Replicate AI Cloud Platform for Colab

Replicate is a cloud platform that will host and serve AI models for you.

  1. Create a Replicate account. You will need a GitHub account to do this.

  2. Add credit to your Replicate Account (optional). To remove a barrier to entry to try the Granite models on the Replicate platform, use this link to add a small amount of credit to your Replicate account.

  3. Create a Replicate API Token.

  4. Add your Replicate API Token to the Colab Secrets manager to securely store it. Open Google Colab and click on the 🔑 Secrets tab in the left panel. Click "New Secret" and enter REPLICATE_API_TOKEN as the key, and paste your token into the value field. Toggle the button on the left to allow notebook access to the secret.

Local Model Inference Options

For running models locally instead of using cloud services, you have two options:

Option 1: LM Studio

LM Studio is a desktop application for running LLMs locally with an OpenAI-compatible API.

  1. Download and install LM Studio for your platform

  2. Download the Granite Vision model:

    • Open LM Studio and go to the "Discover" tab
    • Search for granite-vision or granite-3.3
    • Download a model (e.g., granite-vision-3.3-2b)
  3. Start the local server:

    • Go to the "Local Server" tab
    • Select your downloaded model
    • Click "Start Server"
    • The server runs at http://localhost:1234 by default
  4. Use in notebooks with the OpenAI-compatible endpoint:

    from langchain_openai import ChatOpenAI
    
    model = ChatOpenAI(
        model_name="granite-vision-3.3-2b",
        api_key="none",
        base_url="http://localhost:1234/v1",
    )
    

Option 2: Ollama

Ollama is a lightweight tool for running LLMs locally from the command line.

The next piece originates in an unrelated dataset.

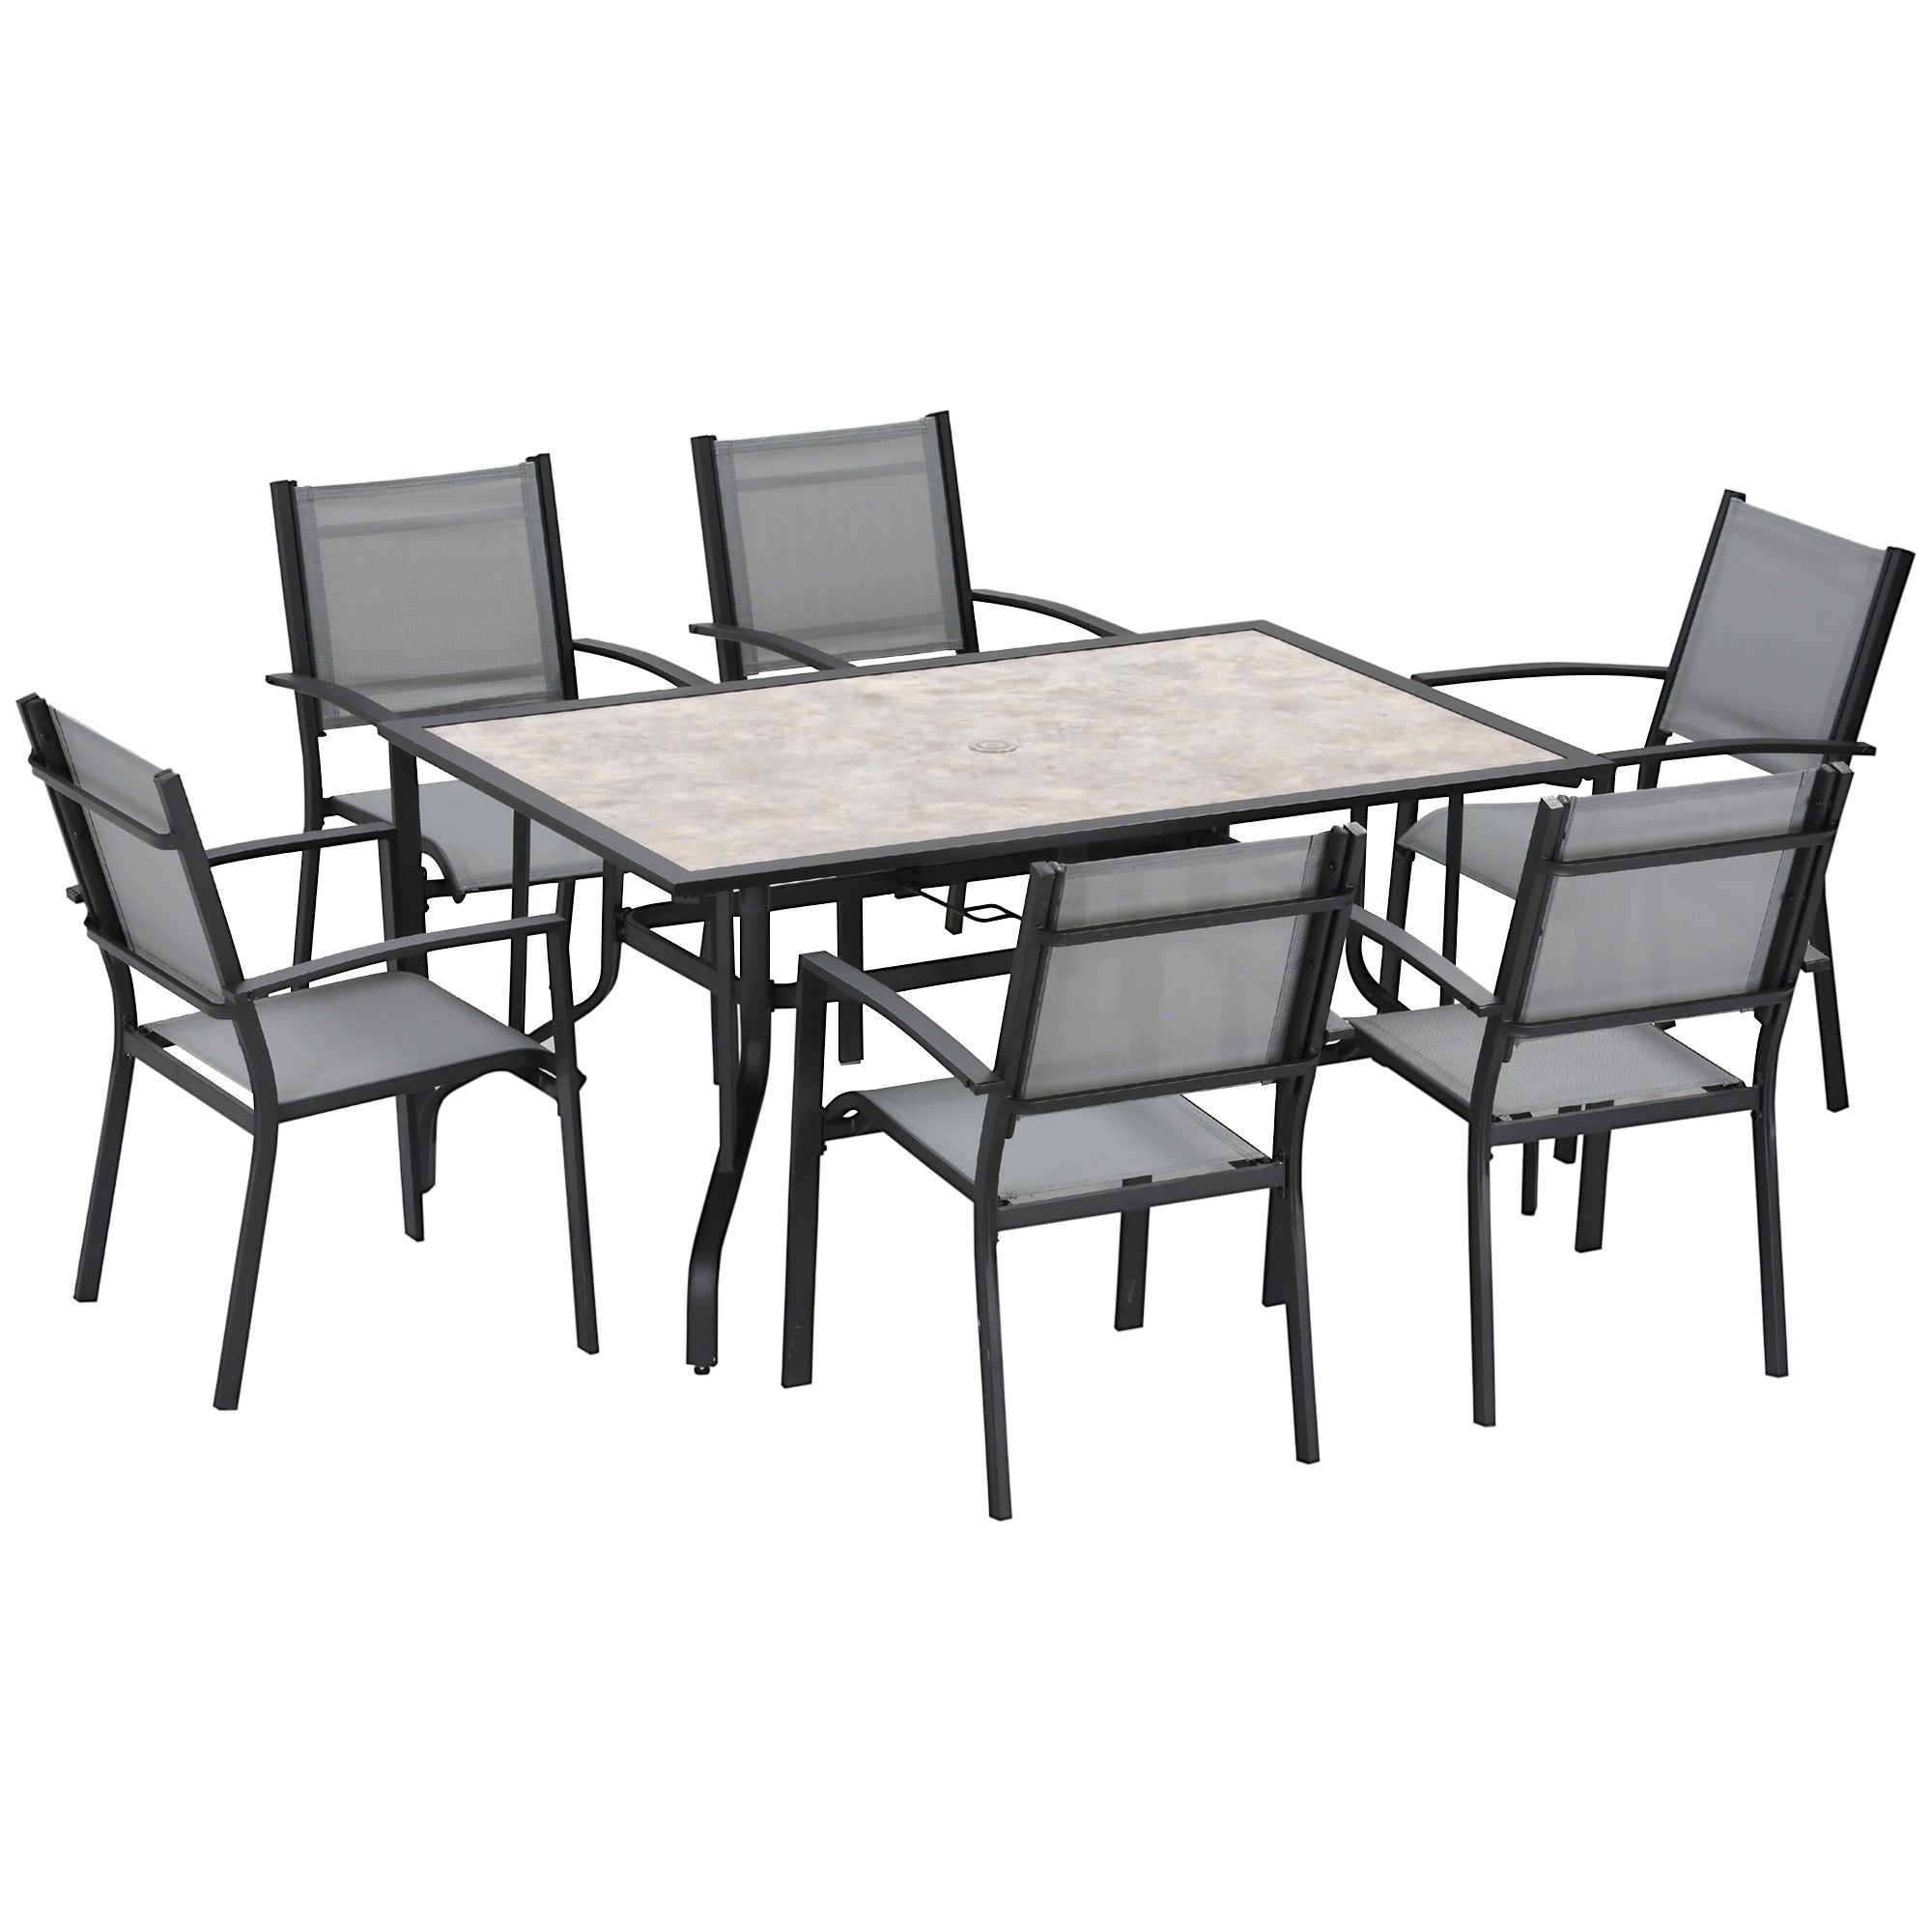 Outsunny 7 Piece Garden Furniture Set w/ Dining Table Chairs 6 Seater Grey  | TJ Hughes

  1. Download and install Ollama for your platform

  2. Pull the Granite Vision model:

    ollama pull granite3.2-vision:2b
    
  3. Ollama runs automatically and exposes an OpenAI-compatible API at http://localhost:11434

  4. Use in notebooks:

    from docling.datamodel.pipeline_options import PictureDescriptionApiOptions
    
    options = PictureDescriptionApiOptions(
        url="http://localhost:11434/v1/chat/completions",
        params={"model": "granite3.2-vision:2b"},
    )
    

Hardware Recommendations

For the best local inference experience:

Component Minimum Recommended
RAM 8 GB 16+ GB
GPU VRAM - 4+ GB
Storage 10 GB free 20+ GB free

Apple Silicon

If you have a Mac with Apple Silicon (M1/M2/M3), both LM Studio and Ollama can leverage the Metal GPU for accelerated inference.